15頁に及ぶこの長詩は、散文詩として書かれているために詩と散文の危うい位置で書かれているという指摘もできましょう。しかし、その根底の精神はやはり詩だと思います。詩人の眼を通した親族の姿、自分の今の有り様、と採る方が正解と言えましょう。あまりの長詩なのでここでは紹介しませんでしたが、小川詩を読み解く、小川聖子という詩人を知る上では重要な一篇です。
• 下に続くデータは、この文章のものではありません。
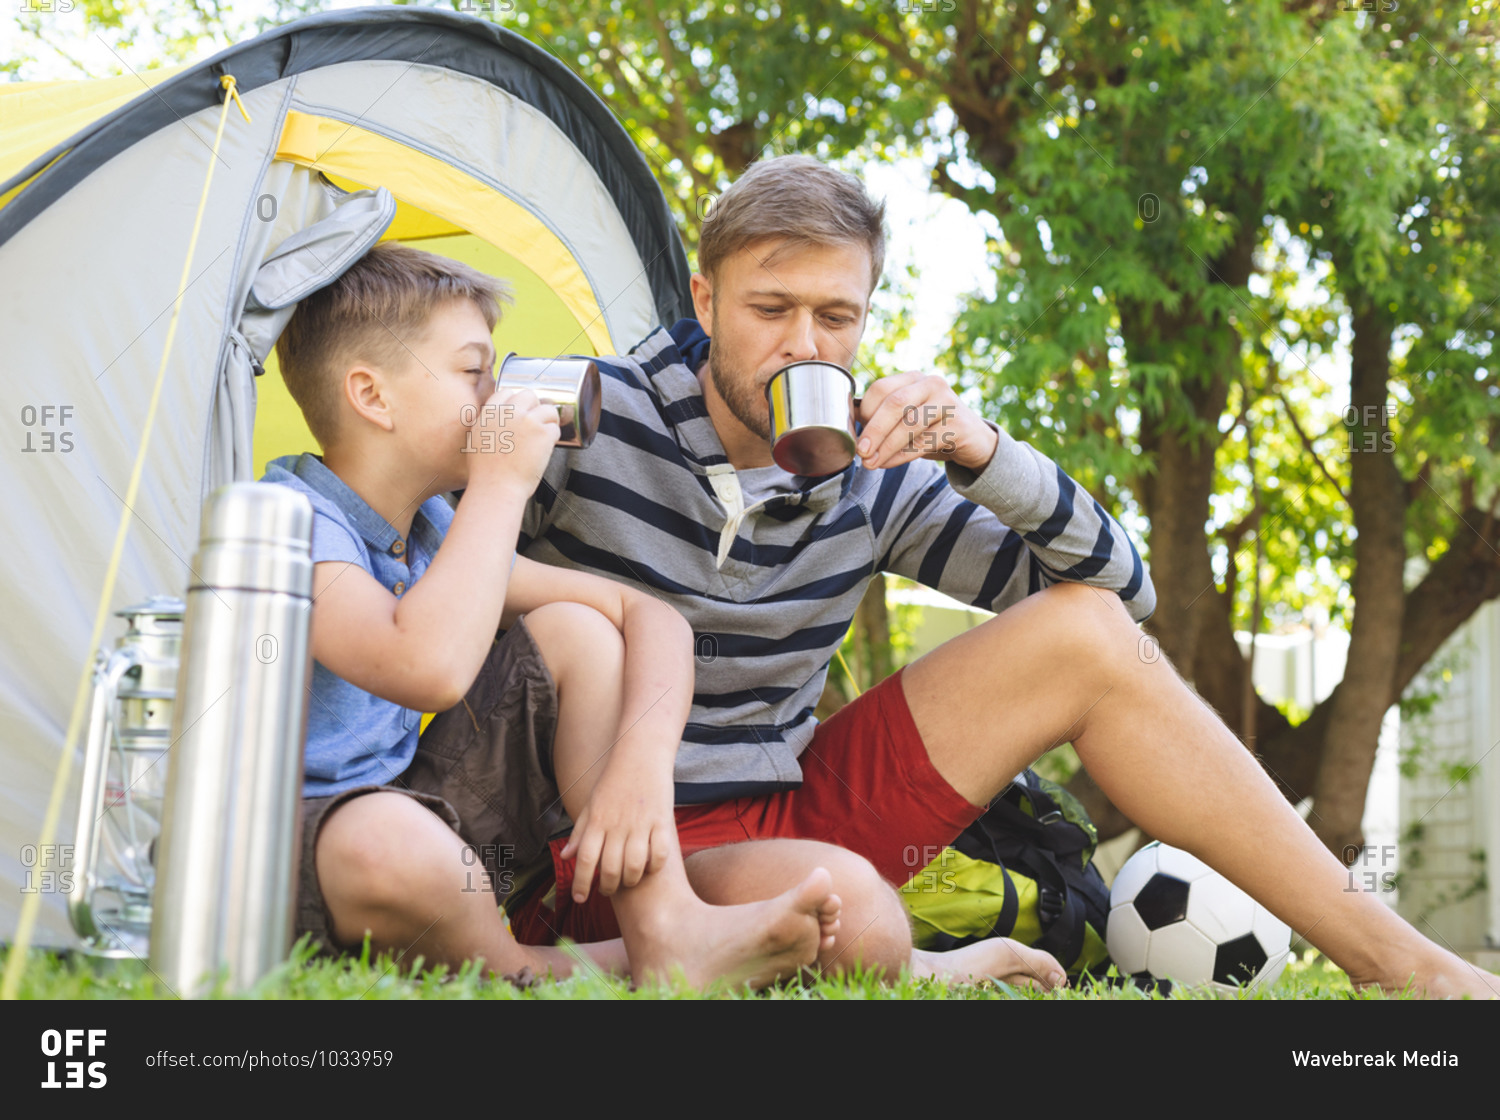 Caucasian man spending time with his son together, camping in garden, sitting in tent, drinking tea. Social distancing during Covid 19 Coronavirus quarantine lockdown.

充実した内容の一冊です。



  詩誌『黒豹』102号
  kurohyo 102    
 
2003.3.28
千葉県館山市
黒豹社・諫川正臣氏 発行
非売品
 

    黒蟻    諌川正臣

    

   『國體の本義』ありますか
   若々しい女性の声に おもわずふり向く
   戦中ものを主に扱っている古書店でのこと
   知的なまなざし 学生らしい
   国会図書館にもなかったので と店主に

   聞けば海外に在住とか
   卒論のために探しているという
   どうしても無ければお貸ししますよと別れた

   手持ちの一冊は戦没した先輩の遺品
   そこここに書き込みがいっぱい
   キェルケゴールの研究をめざした先輩は
   どんな思いで本書の講義を受けたのだろう
   昭和十八年 学徒出陣
   「生等もとより生還を期せず」
   はたして 悠久の大義に殉ずる をよりどころに
   戦いの場にのぞんだのだろうか

   ひさびさに手にして表紙をめくれば
   扉に ひからびた黒蟻がいっぴき
   いつの日 まよいこんだのか
   『國體の本義』に潰され 張りついている
   先輩も 蟻のように
   地を這いずりまわって果てたのだろうか
   制空権なき空の下

   いまでは死語ともいえる題名の書に
   どんな光をあてようというのか
   卒論の中身が気にかかる

                 ※昭和十二年 文部省発行
                  皇国史観に基づき天皇の統治を神勅として正当化
                  天皇に忠誠をつくすことを国民の本分と説く国体明徴
                  の国定教科書 戦時下の学徒に課せられた

 『國體の本義』に潰された「黒蟻」と「先輩」を重ねた見事な作品です。それを女子学生が「卒論のために探しているという」ことで見事に現代に甦らせました。国内の大学ではおそらくそんな「卒論」は無いのでしょうが、「海外に在住」ということで、それも無理なく理解できそうです。詩作品ですから、作中の事物を総て事実ととらえるのは間違いですが、それでも何の違和感もなく事実≠ニして受けとめてしまいそうです。筆力の成せる技だと思いました。